How many people are in the focus groups? 30 to 32, says CNN.

now biden's talking, and the women are digging him again. men, though, too.
i've missed out on their actual answers because i'm so fucking distracted by watching the reactions.

guess i should go just watch.

how can anyone not watch? has there ever been a more jolly election season? has there?

Wednesday, October 1, 2008

NPR should not try to be funny

actually, it was someone on Marketplace. PRI. i think they are just thrilled to be in the middle of all this stuff. i forget the female reporter's name but she said "i'm heading to reno where i hear there are casinos rivaling those of wall street," a beat, then goes on (i guess you're supposed to insert a laugh?)

on paper it's kind of cute. coming out a correspondent's mouth it pushes my ANNOY button and holds it down, like so much stuff on NPR does.

still. it's all we've got. but this time around i have to defer to lou dobbs for my listening time. he has some weird ideas. "mister independent" he calls himself, "mr. codependent" i call him. he has some weird thing about race that is so irrational and whack, it makes his other ideas suspect in some peoples' eyes.

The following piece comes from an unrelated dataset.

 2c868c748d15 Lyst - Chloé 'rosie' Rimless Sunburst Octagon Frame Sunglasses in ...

what he does get right is that liberal groups are all too happy to trash him and simplify what he says he believes, which is that the immigrants aren't to blame for what's happening to them, but rather the employers who hire them. i've heard him say any number of times that he believes enforcement should and doesn't, focus on the employer side, the business side. he says lobbying groups paint him as a mexican-hater and that those same groups are backed by same employers who have an interest in cheap slave labor.

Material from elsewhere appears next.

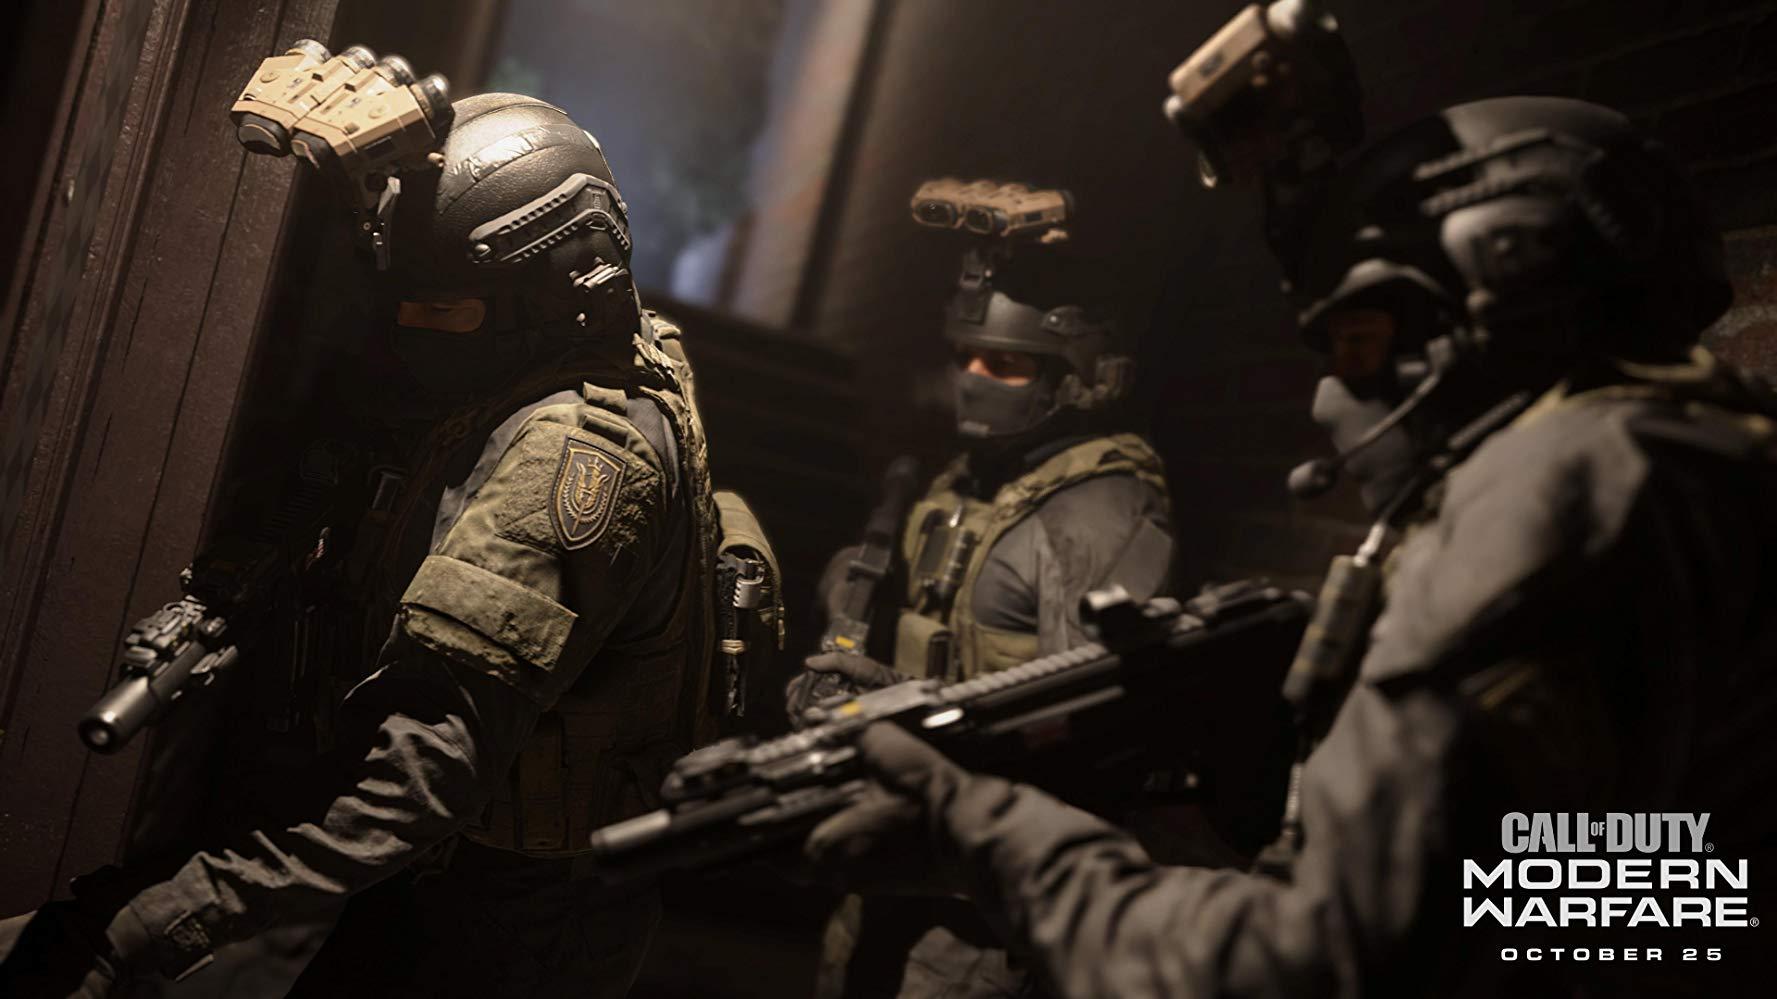 Call Of Duty Modern Warfare 2019 Call Of Duty Game Fans

but at other times he seems to truly have a visceral hate for people of other races and cultures.

however when it comes to money, no one knows more.

and i wasn't surprised to see where he comes down which is where i come down: no bailout.

do something else. get the credit markets moving by giving the cash to parties who are not wall street honchos. do anything. the world is our oyster.

revenge is rewarding, says a psychologist who compares the parts of the brain activated by revenge, to the same parts that enjoy heroin, chocolate, bla bla. he says the "no bailout" sentiment is based on revenge and the desire to punish wall street.
even though it's not in our favor.

i don't buy it. i just don't.

remember what alan watts said about wall street? that you can measure something in inches, but on wall street, you're not selling that something, you're selling the inches themselves.

listening to some of the programs about this, warren olney's program for one, i realize how over my head these concepts are that are flying about. and that doesn't mean i don't have an opinion, just that i feel cautious about that opinion. i seriously am not surprised by any of this, even though i don't think about finance. just watching the market over the past few months there's been something in the wind and here it is.

but i think it's more of that shock doctrine stuff. (by naomi klein: read it) scare the american people so you can take advantage of them ....AGAIN.

as to what to do in the here and now? do anything. anything but reward these criminals. do what mcconoughy said, for fuck's sake.

have we had fun like this in an election season ever? i think not.